After the prologue (some nasty piccolos and clarinets), much of the music is sparse and elusive, with tinkling solo piano arpeggios. But there are some ravishing things in it; there are orchestral passages that shimmer: the evocation of Venice in the overture, or the Balinese-style music that accompanies both the games of Apollo (end of Act I), where Aschenbach sits on a beach watching (perving on) Tadzio and his mates frolic, and the death of Aschenbach (end of Act II).

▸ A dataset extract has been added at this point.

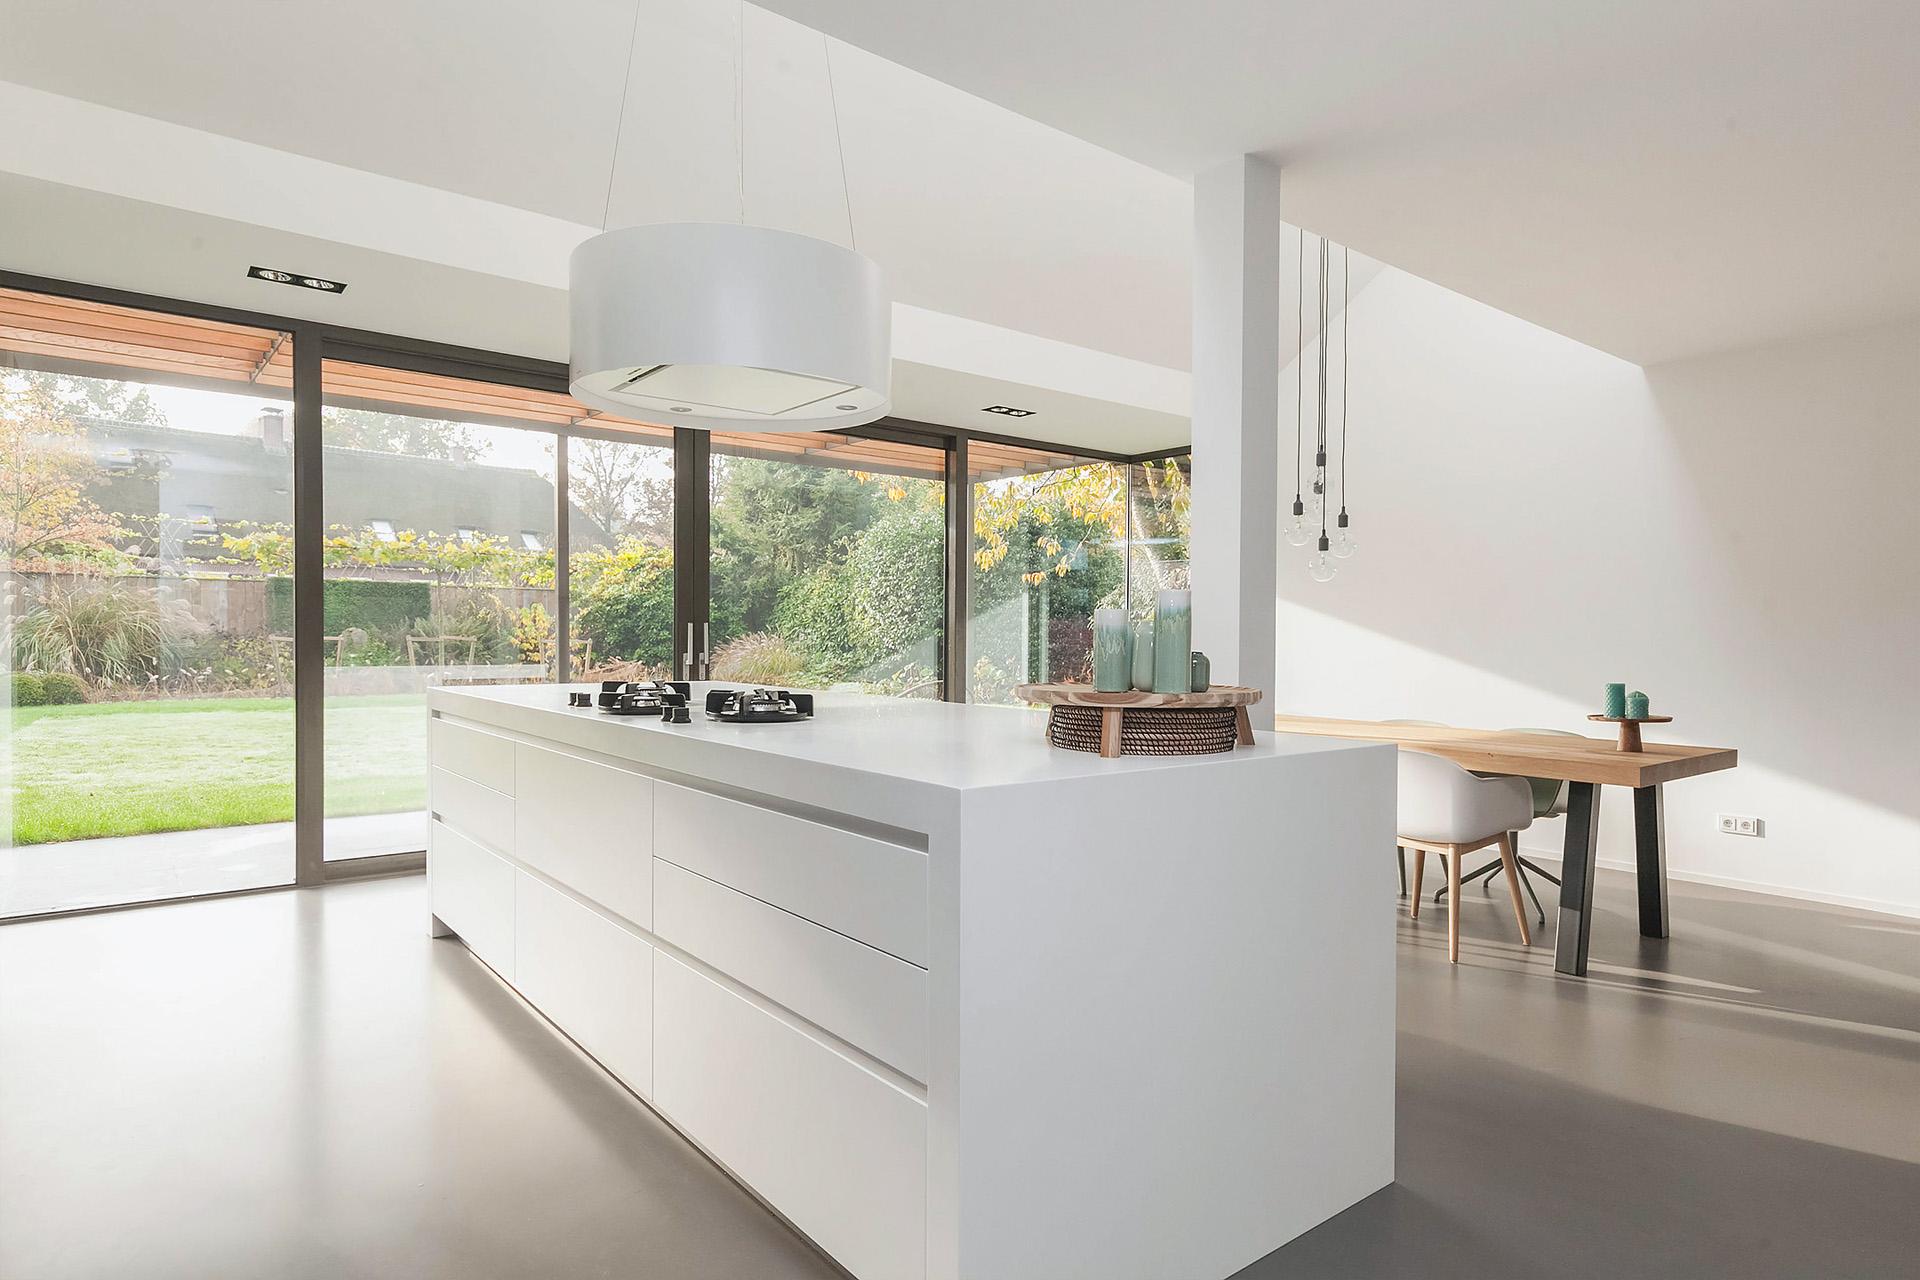 eva-helvoirt-keuken1
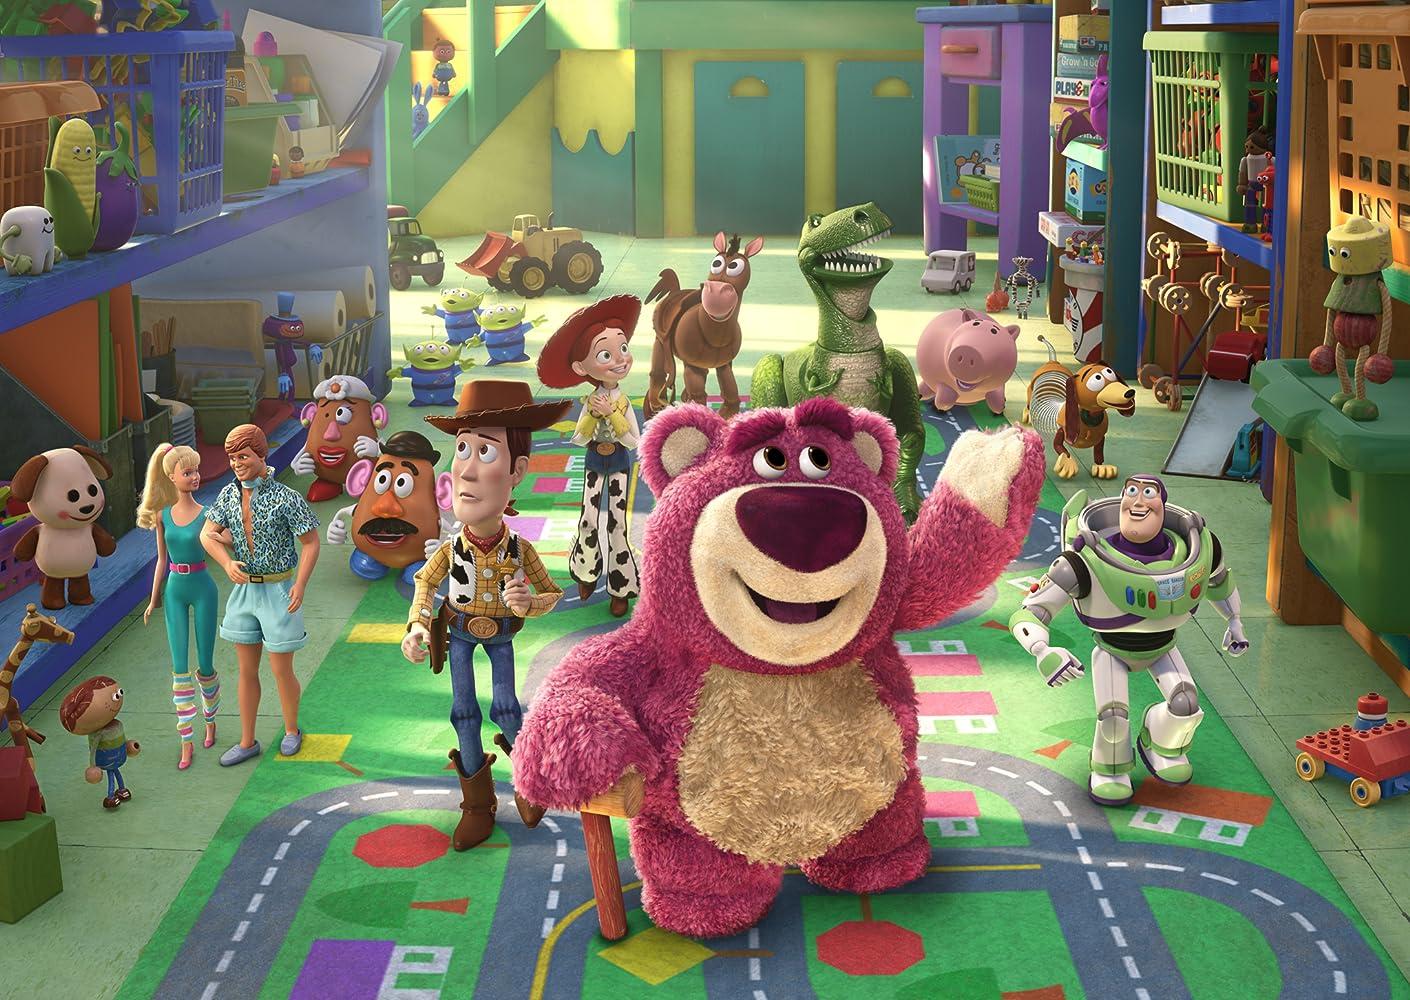 Tom Hanks, Joan Cusack, Michael Keaton, Tim Allen, Ned Beatty, John Ratzenberger, Wallace Shawn, Jodi Benson, Blake Clark, Estelle Harris, Jeff Pidgeon, and Don Rickles in Toy Story 3 (2010)

Greek themes run through Mann and Britten – no doubt harking back to certain Athenian practices: pederasty – relations between older men (erastes) and younger boys (eromenos) – was institutionalised and idealised. Tadzio appears to Aschenbach as the embodiment of Eros. Aschenbach is a man of order and discipline, who succumbs to strange passions and urges; the Apollonian and Dionysian forces wage war within him. (They usually do in post-Nietzschean German literature.) The gods (a baritone Dionysus and a countertenor Apollo) appear to Aschenbach in a dream sequence, whose music quotes the First Delphic Hymn. A ferryman is compared to Charon. The seven baritone characters are Hermes, the psychopomp, showing the dead the way to the underworld, and luring Aschenbach to destruction: desire leads to death. Aschenbach ponders Plato’s Dialogues. On another level, Aschenbach’s infatuation is the artist’s search for the ideal of Beauty.

Study in obsession or exploration of pederasty, Death in Venice is rather queasy.


Recordings

Listen to: Original cast recording, conducted by Steuart Bedford; London, 1974. Decca.

Watch: Robert Gard (Aschenbach), John Shirley-Quirk (various), James Bowman (the Voice of Apollo), and Vincent Redman (Tadzio), directed by Tony Palmer, 1981.